Freies Wort hilft Diagnose Hirntumor – Susanne Krüger braucht Hilfe

Jahrelang engagierte sich Susanne Krüger für das Leben in Bad Liebenstein und den Ortsteilen. Nach einer Hirntumor-Diagnose benötigt die 51-Jährige nun selbst Unterstützung.
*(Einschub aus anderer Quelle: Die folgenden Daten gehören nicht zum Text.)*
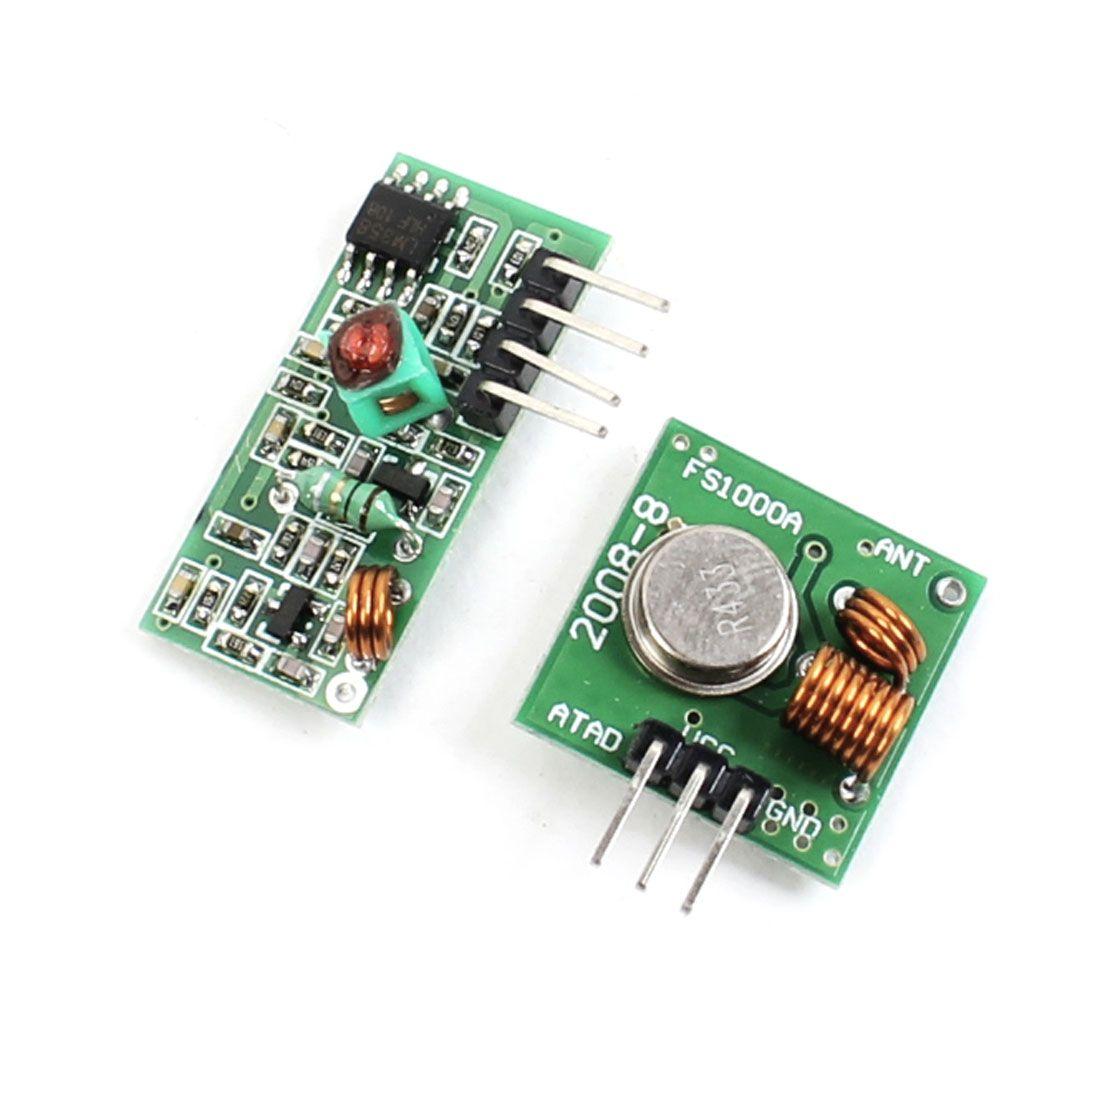 2017 433mhz wl rf transmitter receiver module link kit arm mcu wireless from ux168car. Black Bedroom Furniture Sets. Home Design Ideas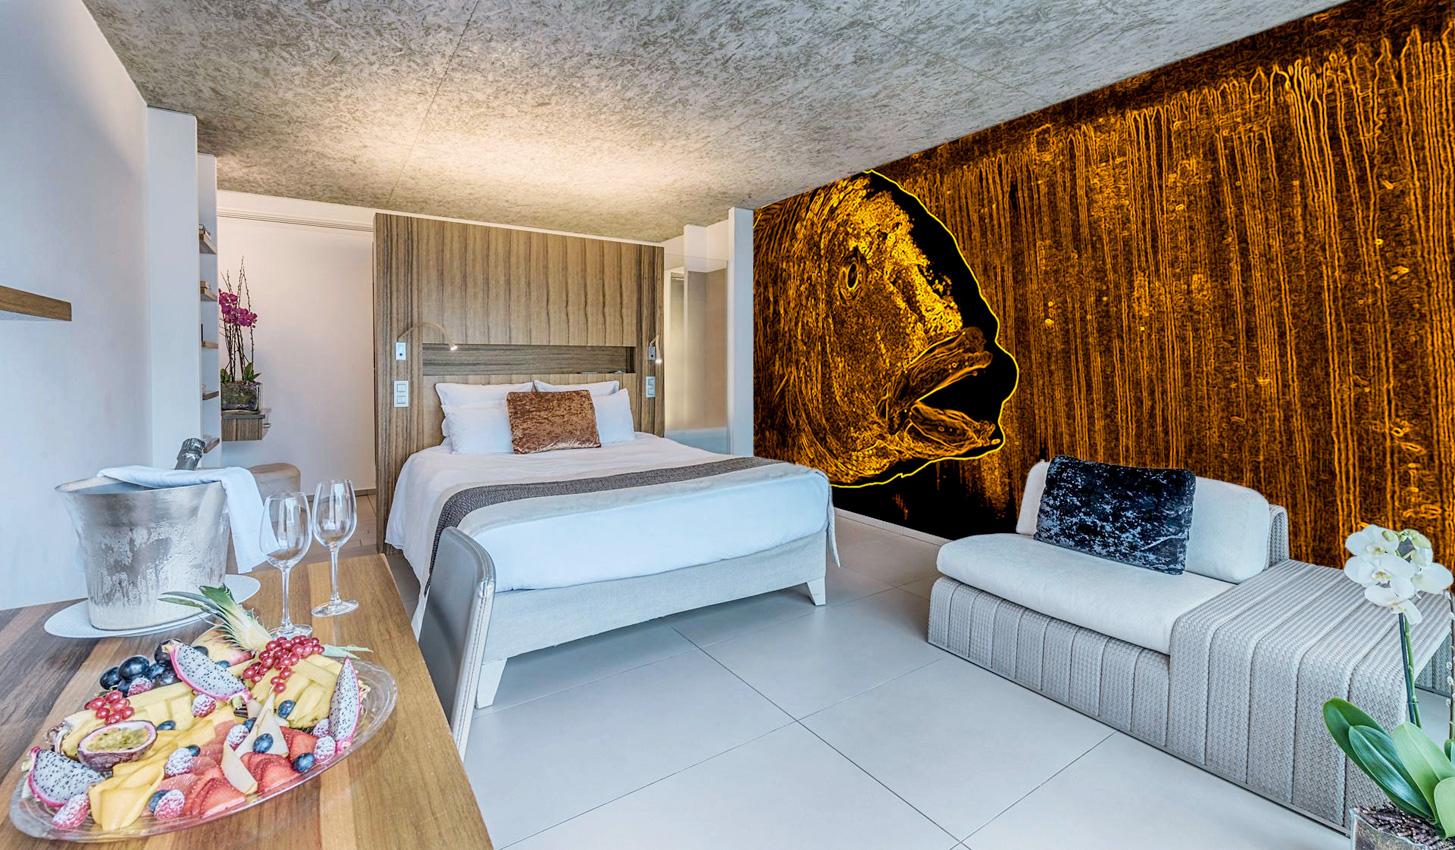 chambre 19 French-Riviera-luxury-hotel-Thierry Bisch Animal ...

Susanne Krüger hat einen bösartigen Hirntumor. Die Erkrankung hat sie sichtbar gezeichnet. Foto: privat

Ob beim Glasbachrennen, bei den Steinbacher Strolchen, bei Vereinsveranstaltungen oder Festen in der Kurstadt – viele Menschen in Bad Liebenstein und den Ortsteilen kennen Susanne Krüger mit einer Kamera in der Hand. Wo etwas los war, war meist auch sie nicht weit. Sie fotografierte, dokumentierte, unterstützte, organisierte und brachte sich mit Herzblut ins gesellschaftliche Leben ein. Besonders eng verbunden war die 51-Jährige dem Tierpark Bad Liebenstein. Doch ihr Engagement reichte weit darüber hinaus. Über Jahre gehörte sie zu den Menschen, die das Leben in der Kurstadt mitprägten – oft im Hintergrund, aber immer mittendrin. Heute ist es Susanne Krüger selbst, die Unterstützung benötigt.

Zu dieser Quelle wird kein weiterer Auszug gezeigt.